The expected output is the line with "GCP Products 4Pcs" plus all lines after it to the end of the material below, reproduced exactly, with pictures omitted and nothing else included.

SUPPLIED DATA:
▼

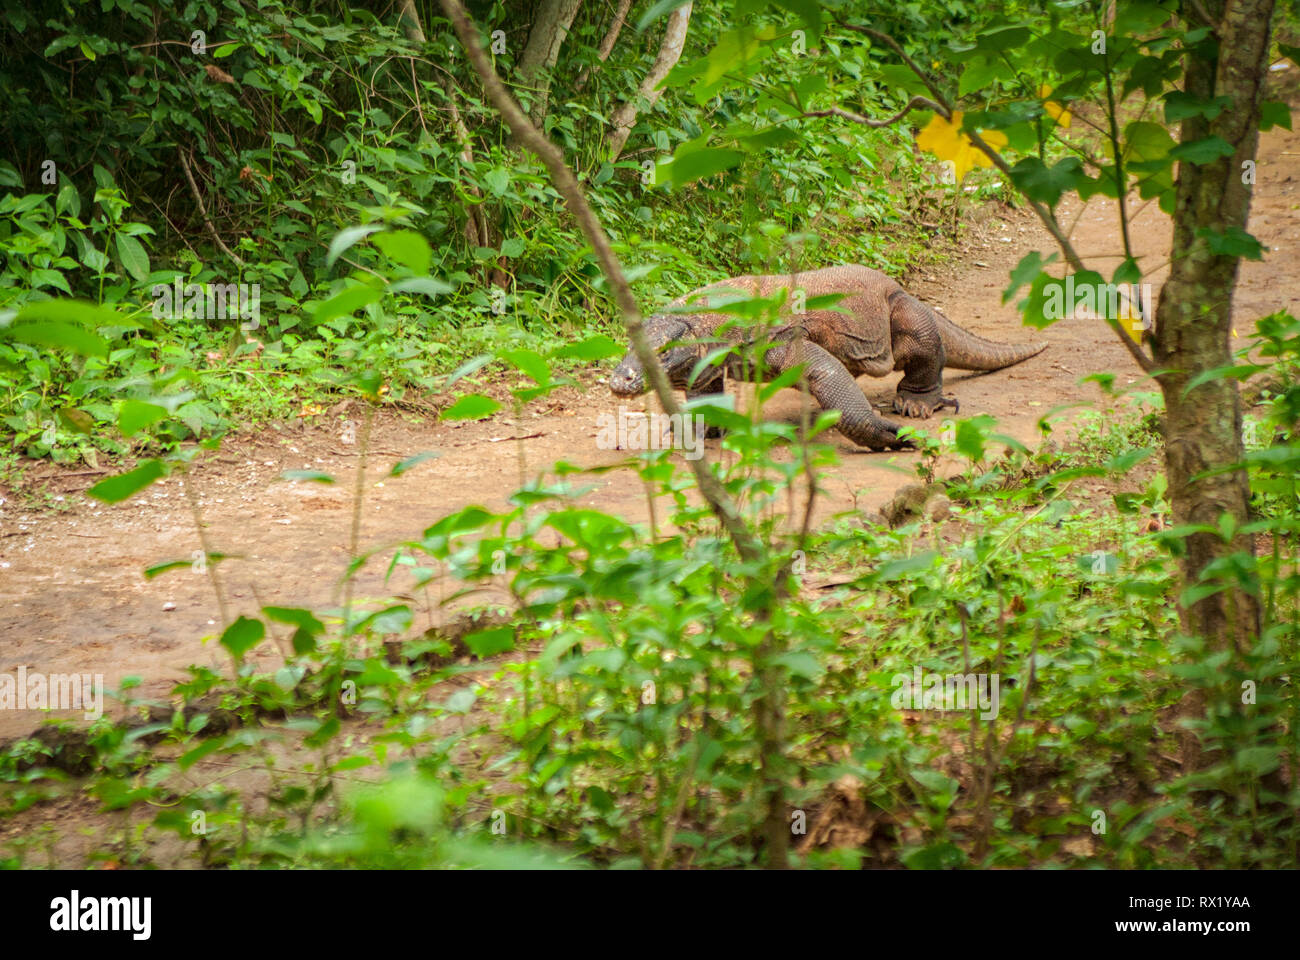 The Komodo dragon, also known as the Komodo monitor, is a species of lizard found in the Indonesian islands of Komodo and Rinca. They are dangerous. Stock Photo
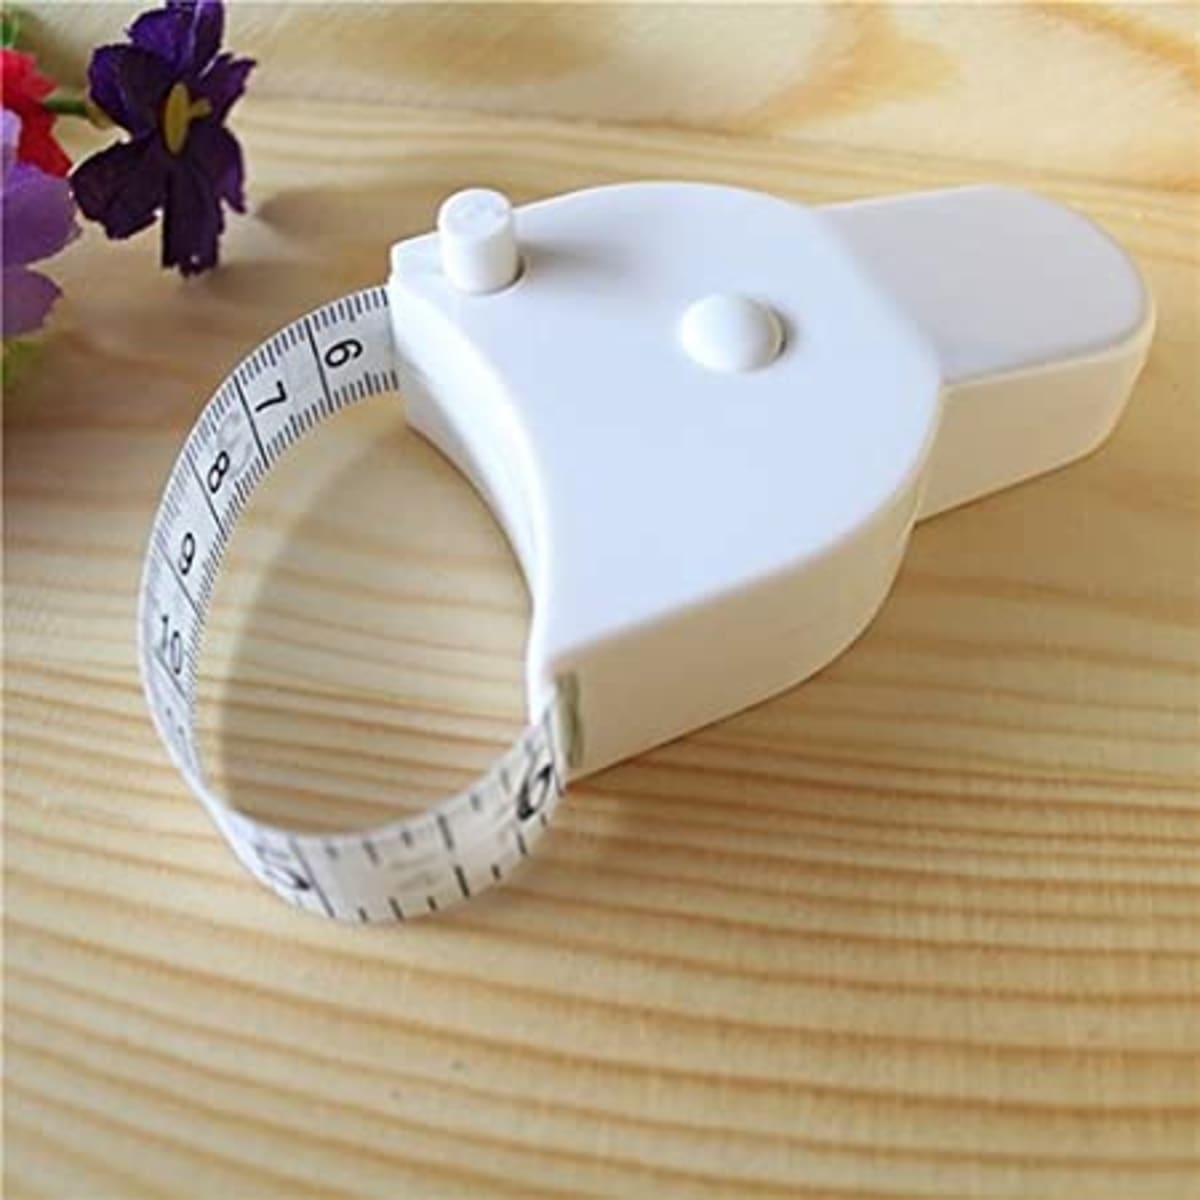 GCP Products 4Pcs Body Measure Tape, Automatic Telescopic Tape Measure,  Accurate Measuring Tape For Body, Body
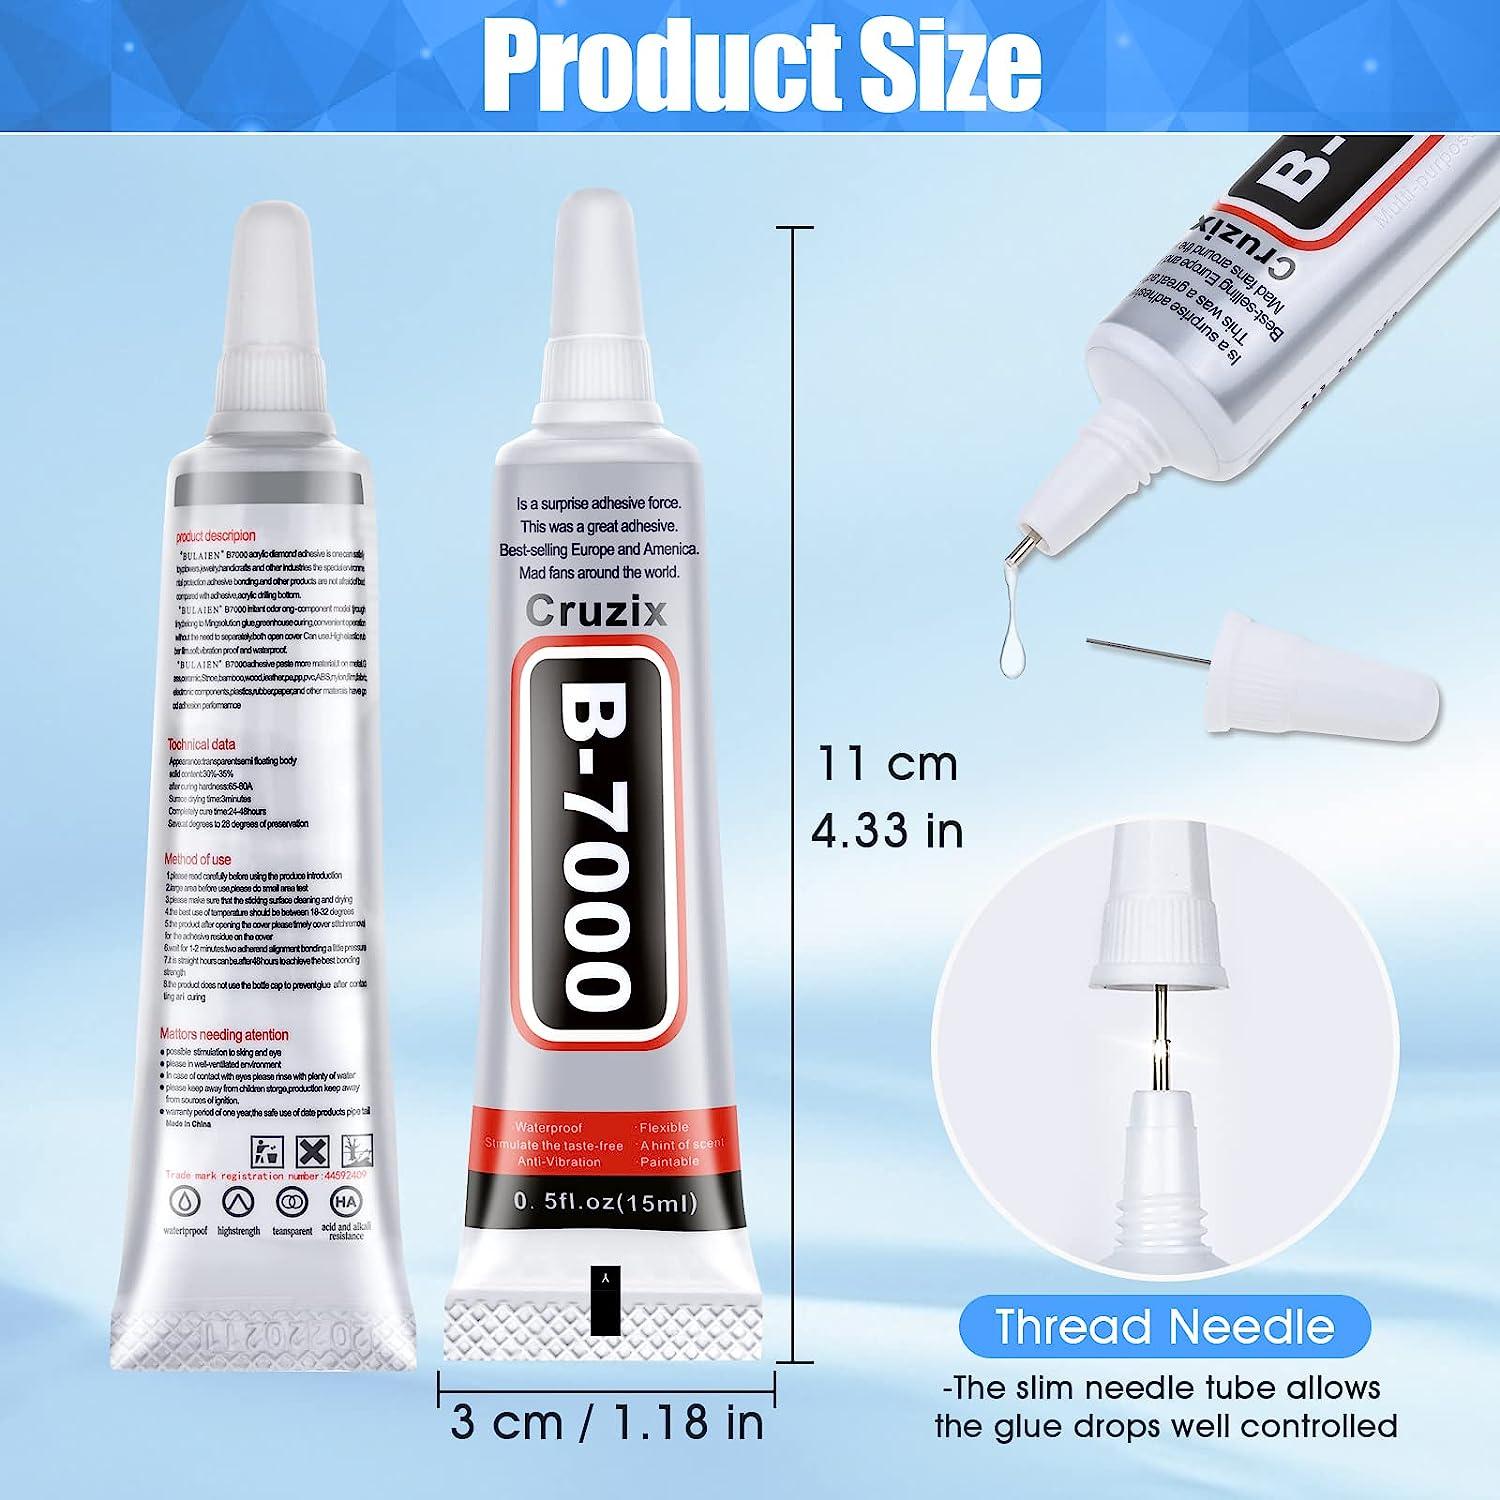 B 7000 Fabric Glue with Precision Tips, Upgrade Industrial Strength  Adhesive B-7000 Glue Clear for Jewelry Crafts DIY, Metal, Stone, Rhinestone  Gems

▲

COMPLETED TASK:
 GCP Products 4Pcs Body Measure Tape, Automatic Telescopic Tape Measure,  Accurate Measuring Tape For Body, Body
 B 7000 Fabric Glue with Precision Tips, Upgrade Industrial Strength  Adhesive B-7000 Glue Clear for Jewelry Crafts DIY, Metal, Stone, Rhinestone  Gems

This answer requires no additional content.